EXERCISE DIRECTIONS | Make an exact copy of all the entries below, with the pictures left out.
++++ DATASET RECORDS
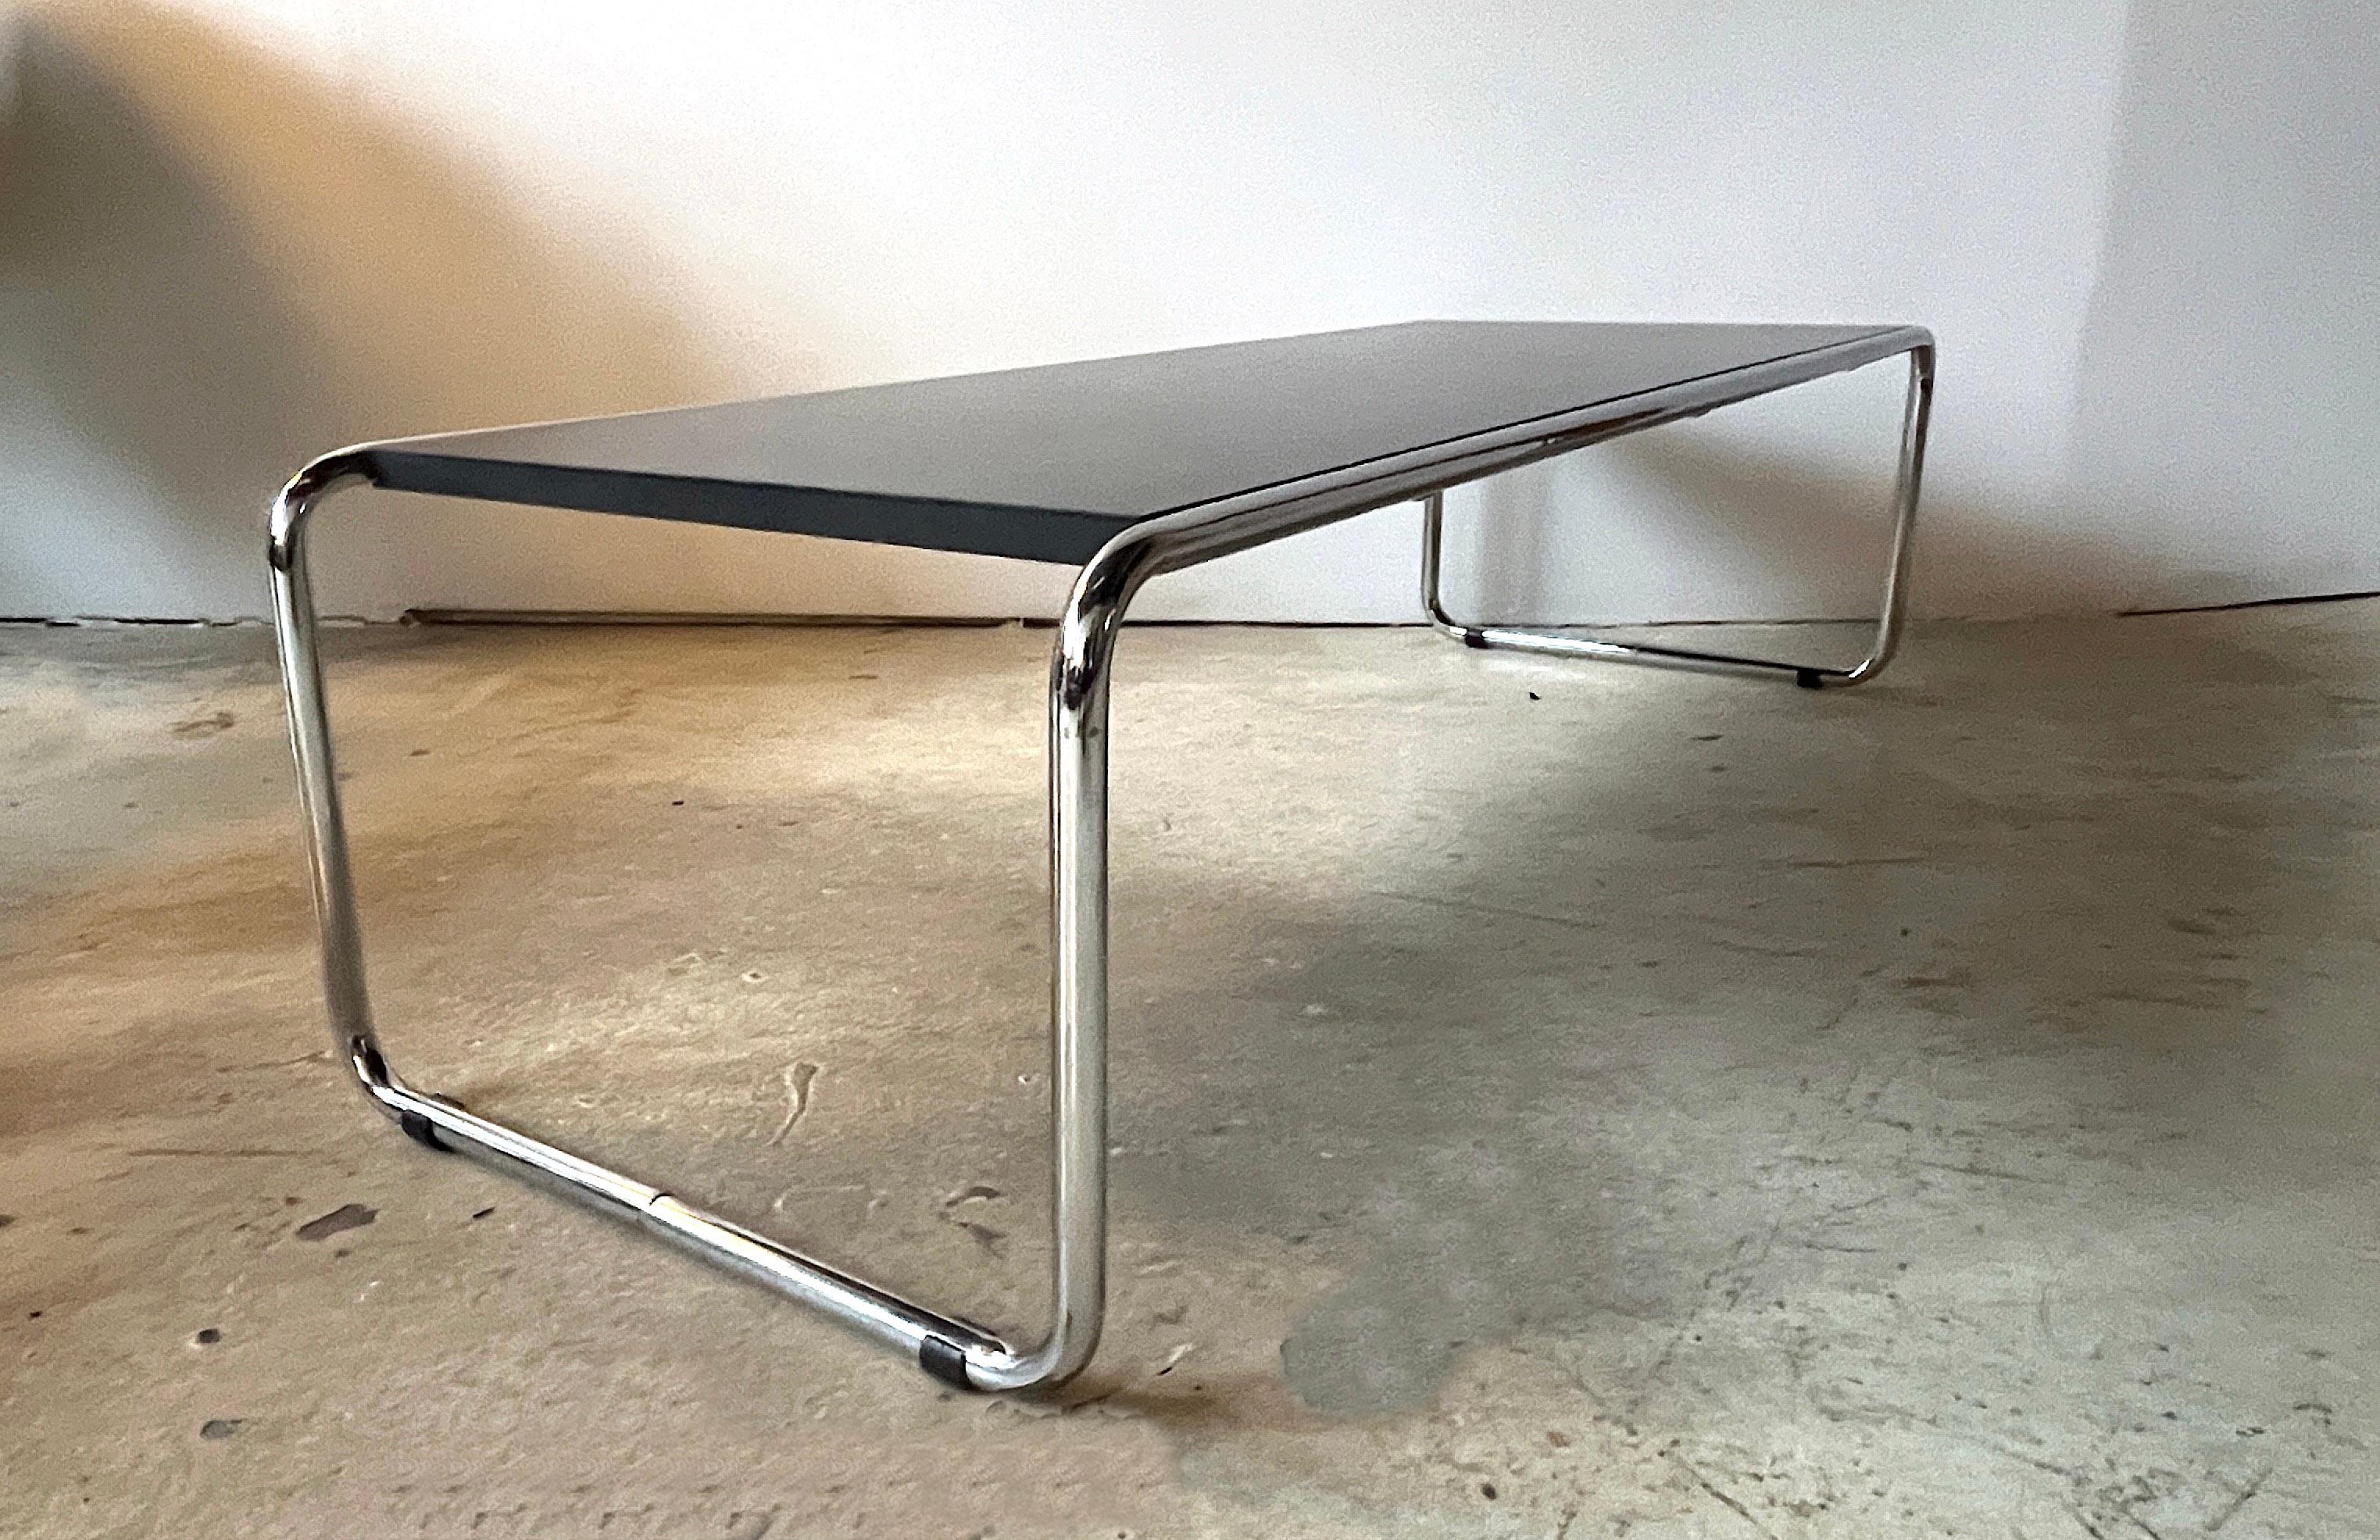 Reproduction of American International-Style (circa 1924) 'Laccio' coffee table with a black rectangular top supported on a chrome plated steel tube frame. Attributed to Marcel Breuer for Knoll, however there are no makers marks. 

Measures 52
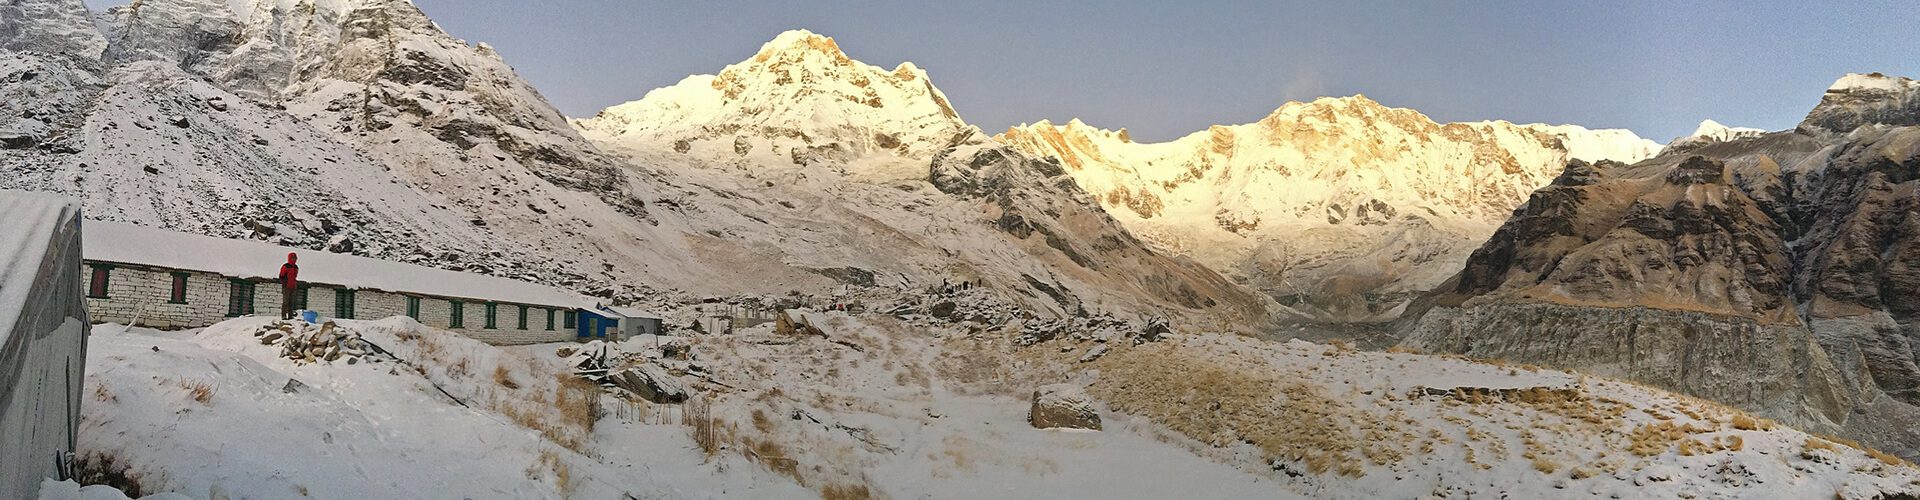 When is the best time for Annapurna Base Camp Trek?
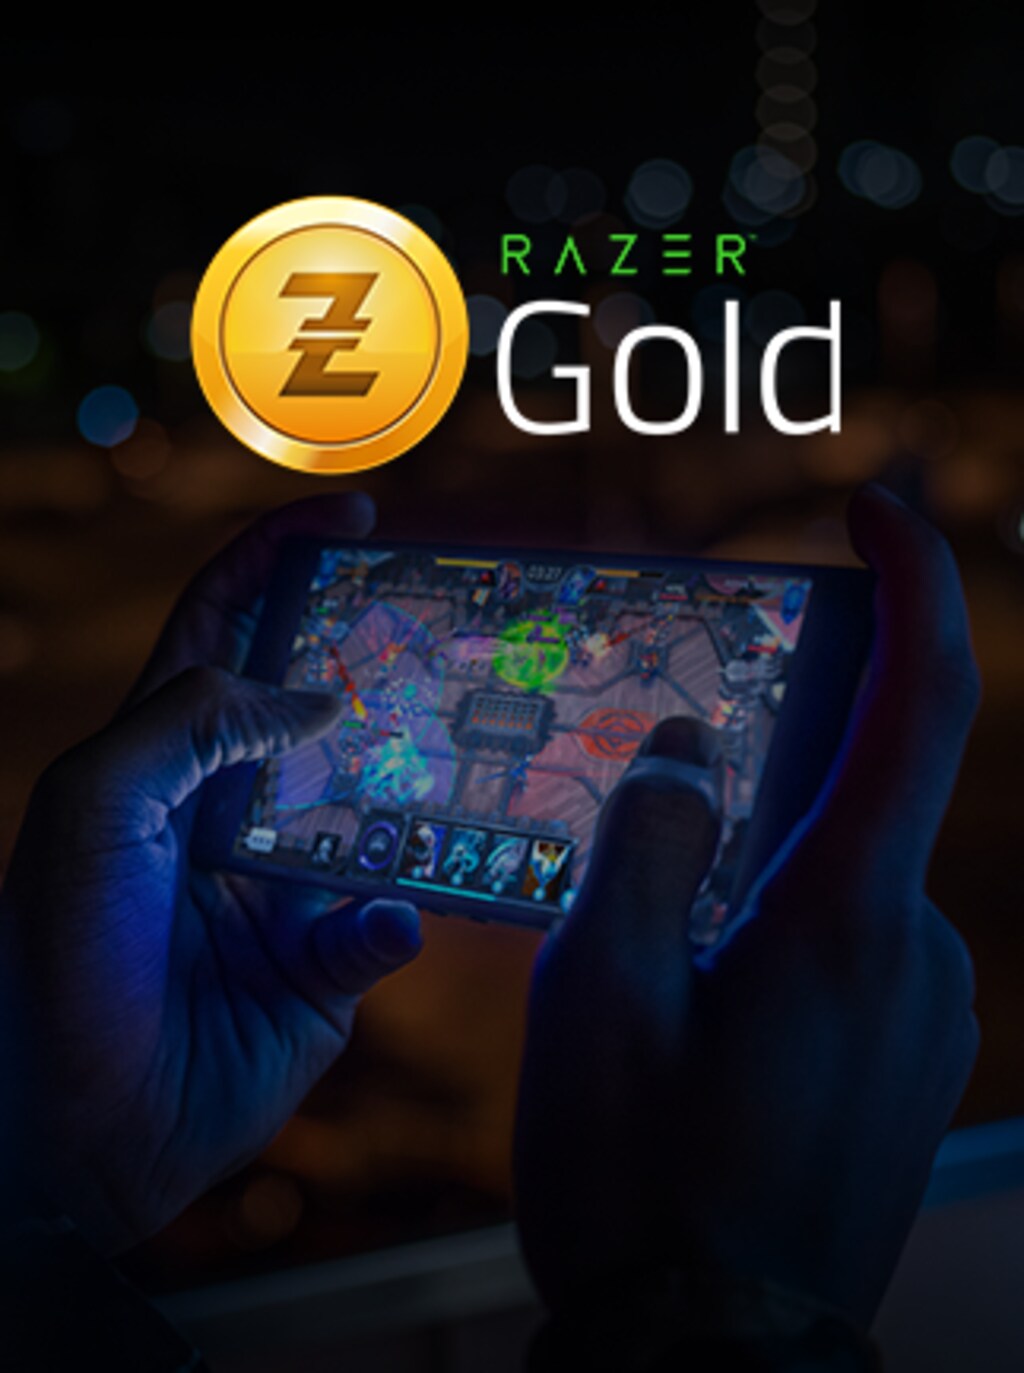 Razer Gold Cards: The Ultimate Way to Pay for Gaming Content
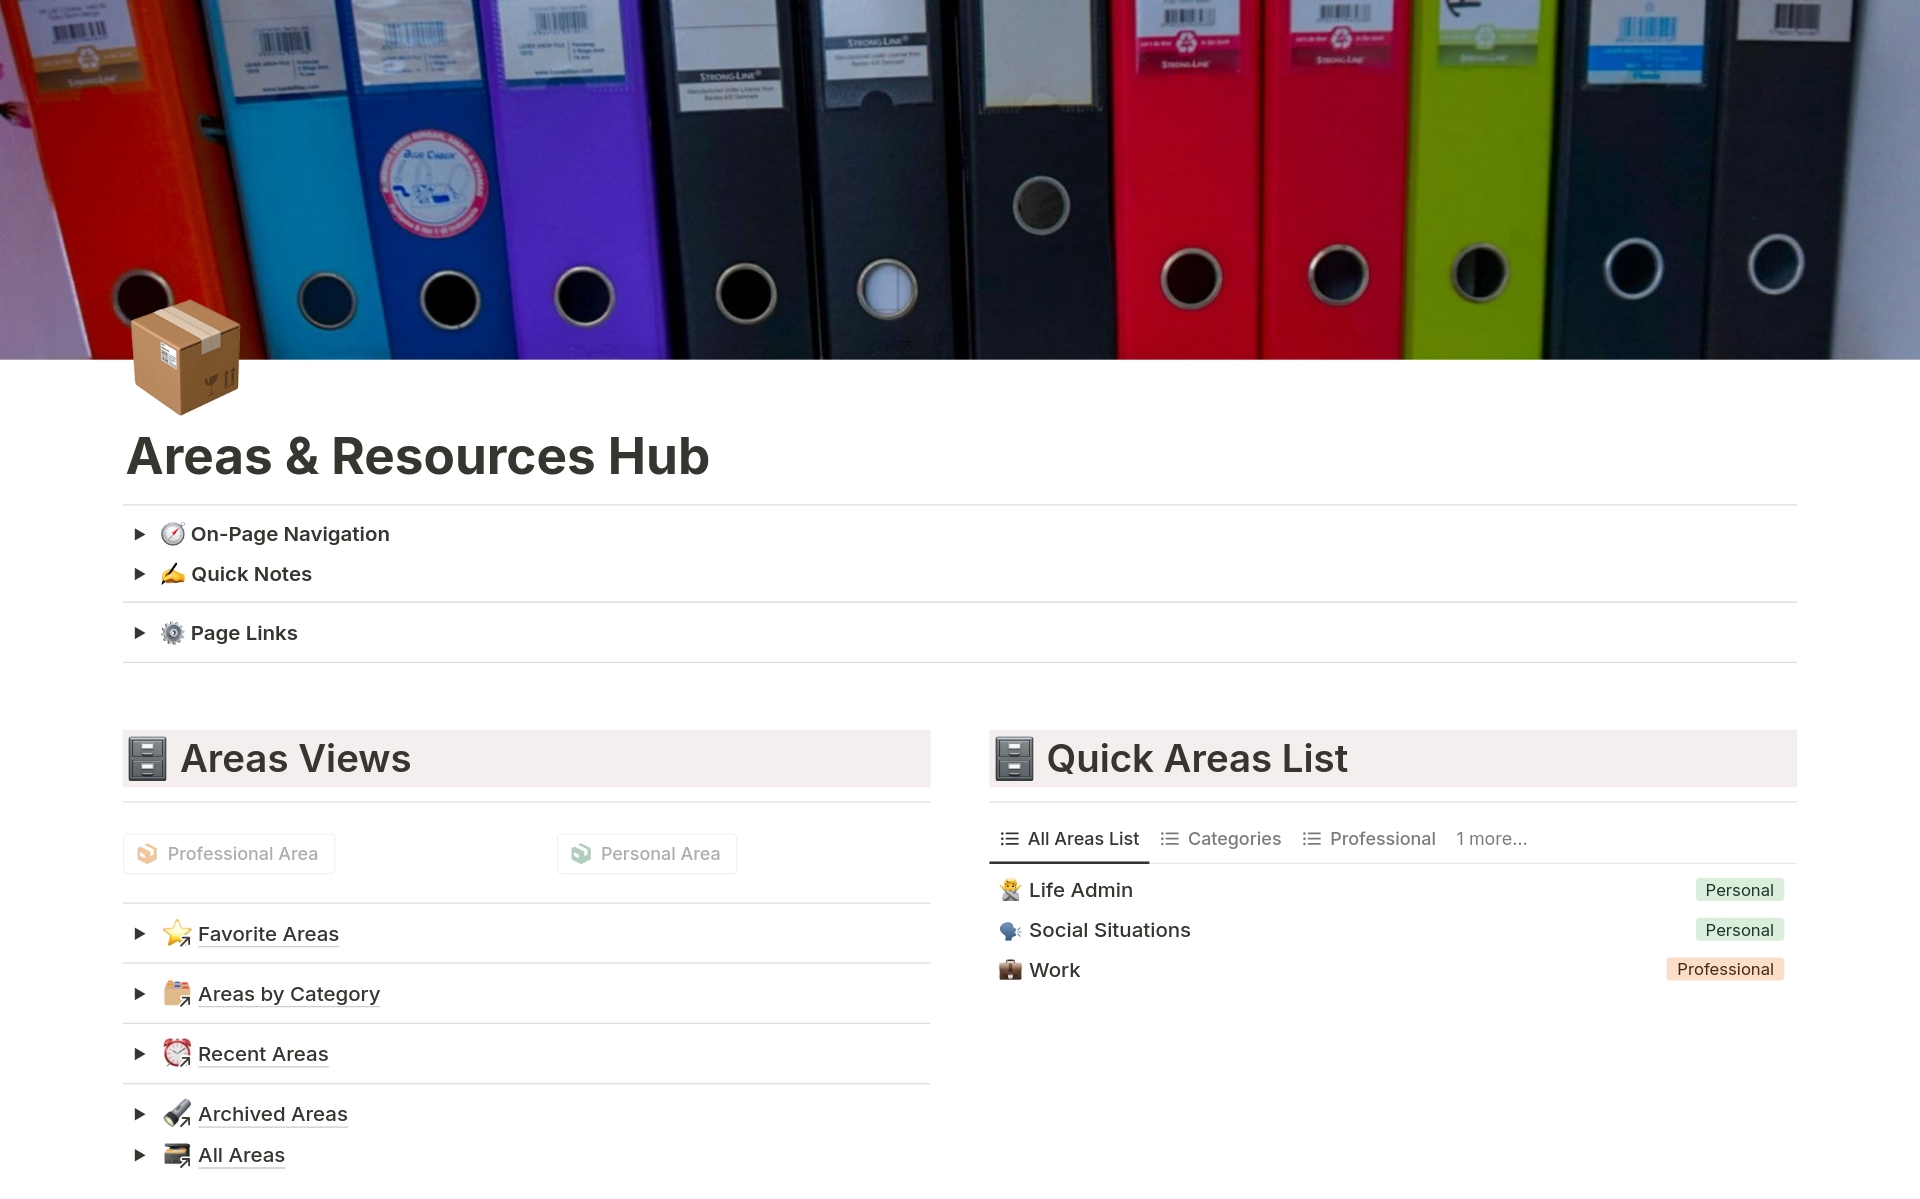 Organize every aspect of your life in a neat, digital file cabinet format with the 📦 Areas & Resources Hub. From work, to home, to hobbies, keep all of your documents, notes, and tools neatly categorized and ready to use.
++++++++
SOLVED PROBLEM |
 Reproduction of American International-Style (circa 1924) 'Laccio' coffee table with a black rectangular top supported on a chrome plated steel tube frame. Attributed to Marcel Breuer for Knoll, however there are no makers marks. 

Measures 52
 When is the best time for Annapurna Base Camp Trek?
 Razer Gold Cards: The Ultimate Way to Pay for Gaming Content
 Organize every aspect of your life in a neat, digital file cabinet format with the 📦 Areas & Resources Hub. From work, to home, to hobbies, keep all of your documents, notes, and tools neatly categorized and ready to use.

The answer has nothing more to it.